Faye found that she was talking like an adult again, and she hated herself for it yet again. “If your grandmother doesn’t want you to go out there, we just can’t take you, Amande.”
The girl grabbed for one of Faye’s hands with both of hers. “Please. You can’t possibly understand this, but I’ve never had a piece of ground that was mine. Not even a rented piece of ground. Look at my home.” The houseboat rocked slightly beneath their feet. “I can’t go out in my backyard when I’m mad at Grandmère, ‘cause I don’t have one. I have to go sit at that picnic table that belongs to the marina, and I can only do that if nobody’s using it. And then I have to hope that none of the drunks from the bar decide to come blow their tobacco-y beer breath in my direction. That island’s mine….partly mine…and I want to see it. I’ve just got to have a boat of my own again, so I can go there when I need to be away from people.”
That last sentence rattled around in Faye’s head. There were many reasons why she kept her impractical island home, and the need to escape from human weirdness was one of them.

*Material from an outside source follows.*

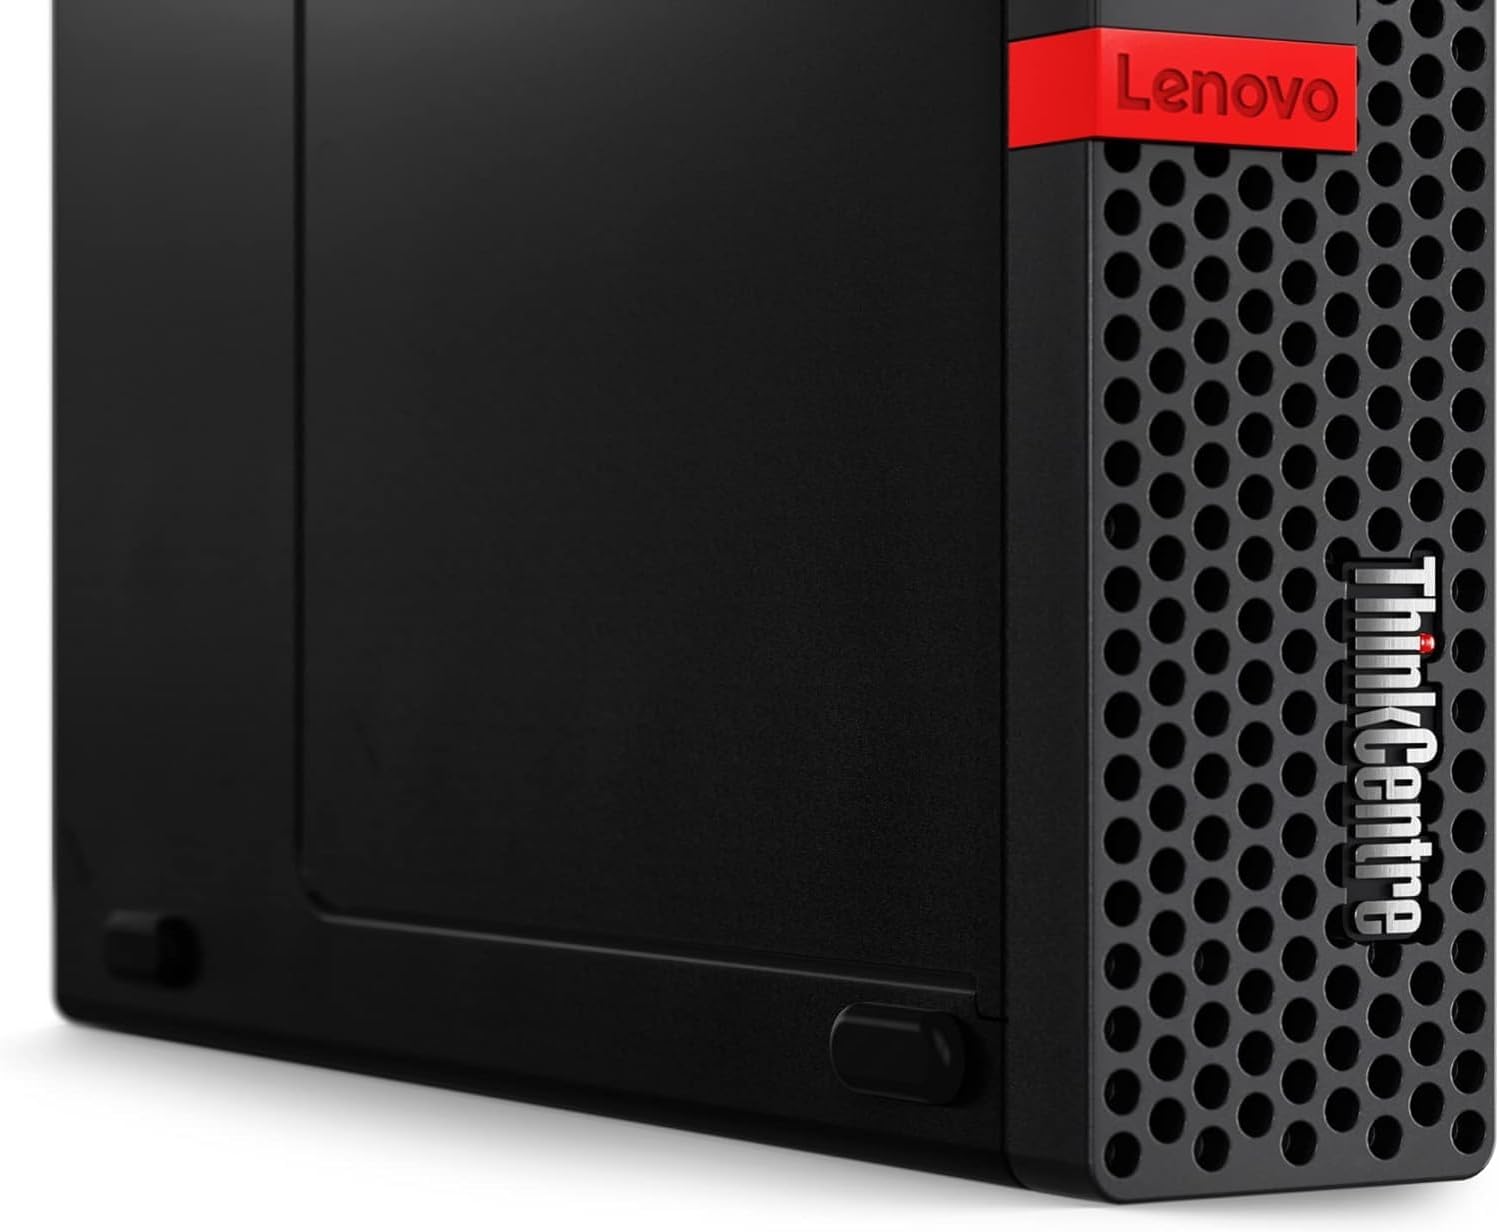 Lenovo ThinkCentre M625 Mini Desktop PC Black (AMD A4-9120c, 8GB RAM, 128GB SSD, AMD Radeon, AC WiFi, Bluetooth 5.1, 6 USB Ports, 2 Display Port (DP), RJ-45, No OS) with DKZ Hub

“Here’s the deal,” Amande said. “I know you need to work. If I understand your project right, maybe you need to go check out this island where I found some very old Spanish silver. Maybe there was a pirate lair there. Maybe there was a shipwreck nearby. Maybe it used to be a big island and there was a trading post there or a plantation or even a little town. You won’t know if you don’t go check.” The golden brown eyes narrowed. “And you can’t go check without the property owner’s permission. You need to see my island. And you want to see my island. To get my permission, you have to take me along.”